Reexamination Certificate

active

06714580

ABSTRACT:

FIELD
The present invention relates generally to ring laser gyroscopes, and more particularly, relates to a method of preventing electrode seal degradation.
BACKGROUND
A ring laser gyroscope detects and measures angular rates by measuring the frequency difference between two counter-rotating laser beams according to the Sagnac effect. The two laser beams simultaneously circulate in the cavity of the gyroscope. Mirrors are used to reflect each beam around the cavity. The two laser beams will ideally have identical frequencies when the sensor is at rest. If the sensor is rotated, the beams will have different frequencies. This frequency difference is measured to provide the rate of rotation.
Gyroscopes are used in navigation, stabilization, guidance, and control applications and are located in aircraft, boats, tanks, pipelines, and missiles. The applications generally fall within one of two categories, single or short term use, and continuous or long term use. An example of a single use application of a ring laser gyroscope is a missile application. The gyroscope guides the missile to its target and is destroyed upon impact. This type of gyroscope has an operational lifetime that may be measured in minutes and is not exposed to the harsh operating conditions that the continuous use gyroscopes are. The single use ring laser gyroscopes are generally smaller and manufactured with different materials than continuous use gyroscopes.
An example of a continuous use application of a ring laser gyroscope is an aircraft application. The operational lifetime of a ring laser gyroscope on a commercial airplane may be ten to twenty years. The gyroscope is exposed to extreme temperature and pressure fluctuations over an extended period of time. Because of the extreme conditions in which a continuous use gyroscope may be operated, the frame of this type of gyroscope must be manufactured using materials that are resistant to expansion over a wide temperature range. One such material is Zerodur, a glass ceramic material with an extremely low co-efficient of thermal expansion.
One of the problems with using this type of frame material is that it tends to have a higher ionic conductivity value than other dielectric materials. These frame materials contain alkali ions that are highly mobile in the presence of an electrical field. The ions are attracted to the cathode mounted on the frame of the gyroscope because it is at the lowest electrical potential due to the typical method of applying power to the gyroscope. The migration of the alkali ions to a cathode will cause an ion-rich layer to be deposited on the seal located between the cathode and the frame.
Indium is frequently chosen as a seal material because of its unique properties of adhering to both ceramics and metals, and of not losing its vacuum seal in the presence of thermal expansion. For the proper operation of the gyroscope, this seal must not degrade allowing the lasing gas to escape. Therefore, there is a need to prevent the degradation of the seal.
U.S. Pat. No. 5,856,995, “Ring Laser Gyroscope with Ion Flux Trap Electrode,” described a method of trapping the ions before they migrate to the cathode.

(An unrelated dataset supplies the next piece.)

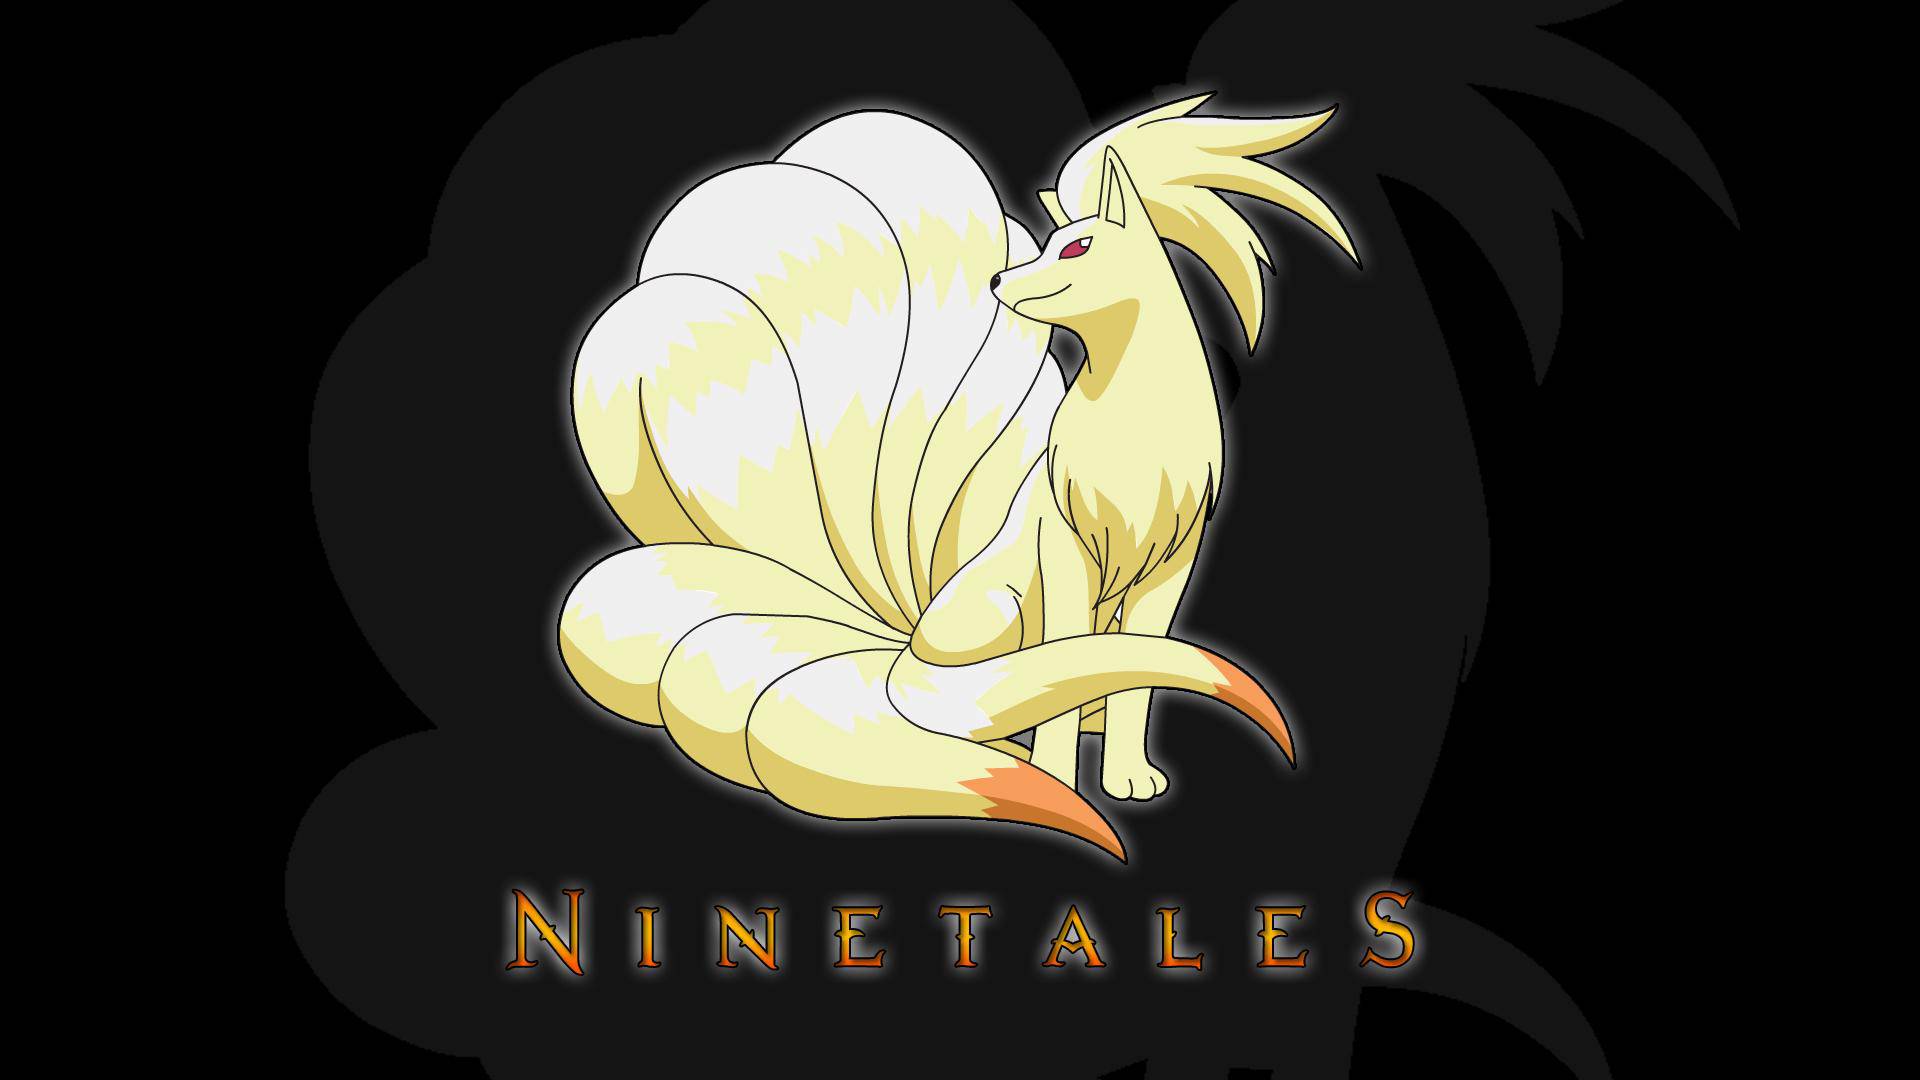 Ninetails thats what needed wallpaper - High Quality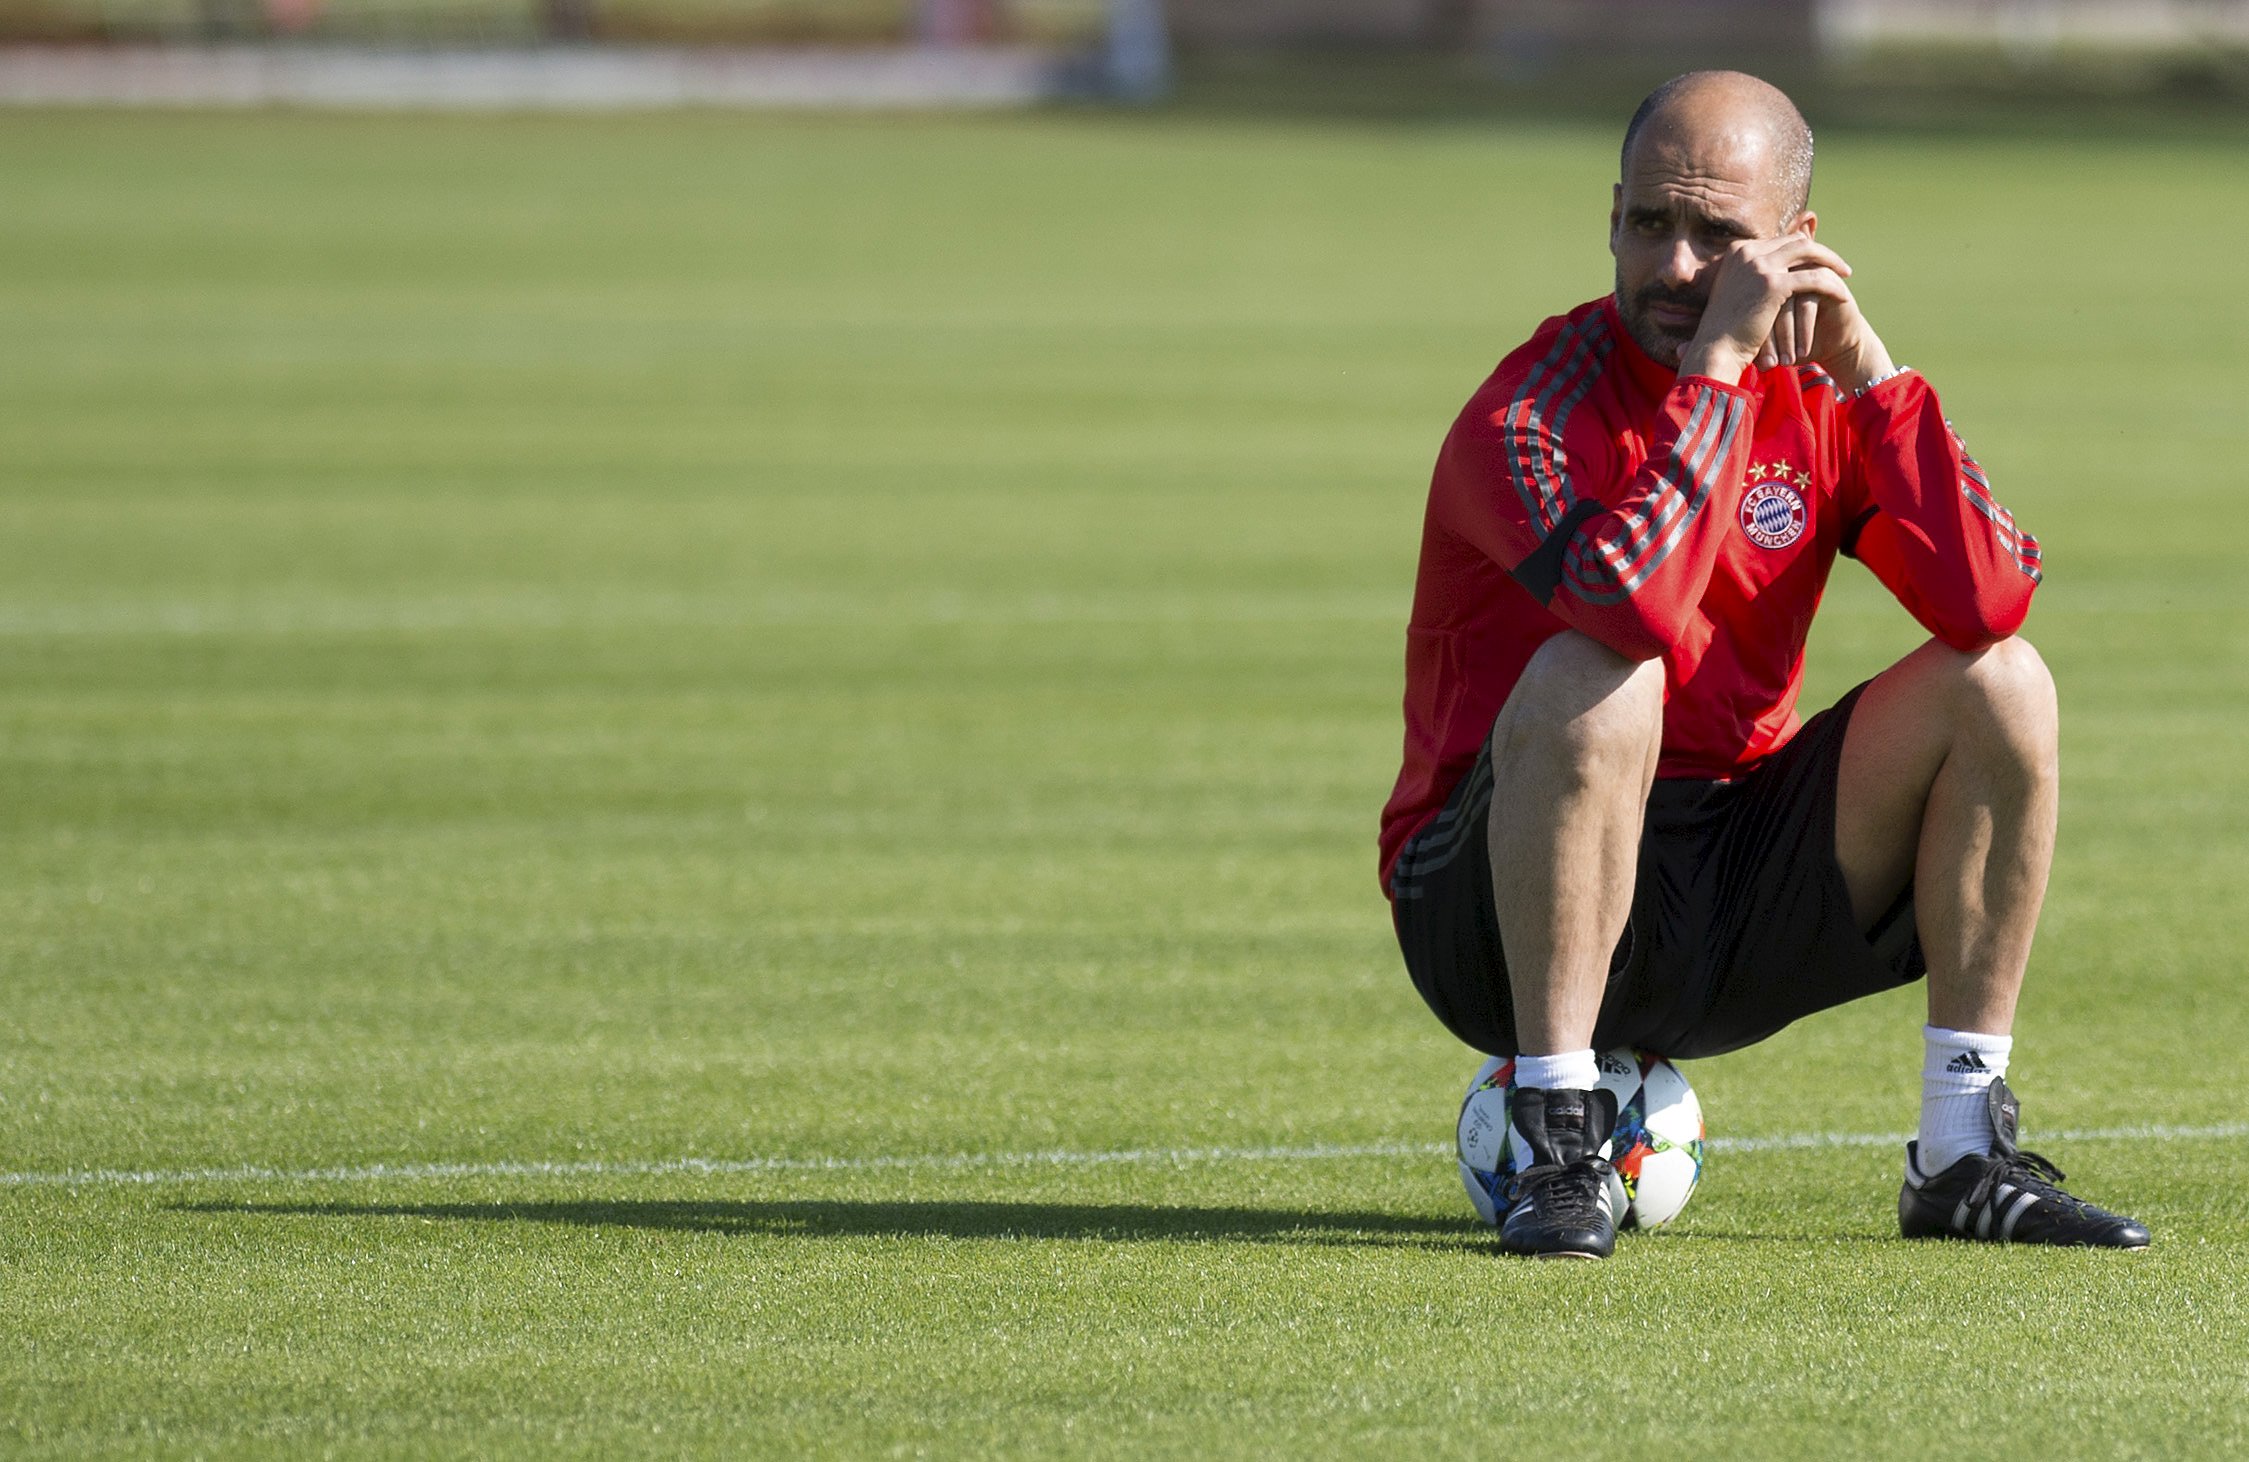 Bayern Munich's coach Pep Guardiola pauses during a training session at the club's training ground in Munich April 20, 2015. Bayern Munich will play their Champions League quarter-final second leg soccer match against Porto on Tuesday. REUTERS/Lukas Barth

This method requires an electrode ring to be placed in direct electrical contact with the frame surrounding the cathode as seen in FIG.
1
. The electrode ring has a more negative electric potential than the cathode. This will attract the ions to the ring, and not to the cathode, preventing the ions from degrading the seal. The electrode ring may be made of a thin sheet of copper attached with a conducting adhesive, a thin metal film applied by vacuum deposition, a machined metal alloy attached by mechanical means, or conductive ink brushed onto the frame surface.
Another technique is set forth in U.S. Pat. No. 6,025,914, “Cathode Seal Including Migration Resistant Dielectric Material”, which is assigned to the same assignee as the present invention. This method adds a dielectric barrier material between the gyroscope frame and the cathode as seen in FIG.
2
. The dielectric barrier material layer reduces the electric field formed in the gyroscope frame, and thus reduces the ion migration. The dielectric barrier may be formed by vapor deposition or welding a sheet of material between the cathode and the frame.
It would be desirable to prevent an ion layer from forming on an electrode seal without modifying the manufacturing process of a ring laser gyroscope.
SUMMARY
An exemplary embodiment is described for using current control biasing to protect electrode seals on a ring laser gyroscope. The seals are located between the frame of the gyroscope and each of the electrodes. When the gyroscope is energized, ions in the frame will generally migrate towards the lowest electrical potential. If one of the electrodes is at the lowest electrical potential, the ions will form a layer on the electrode seal causing it to degrade. By providing a positive supply voltage and locating the current control on the non-ground side of the power supply, the mounting structure will be at the lowest electrical potential.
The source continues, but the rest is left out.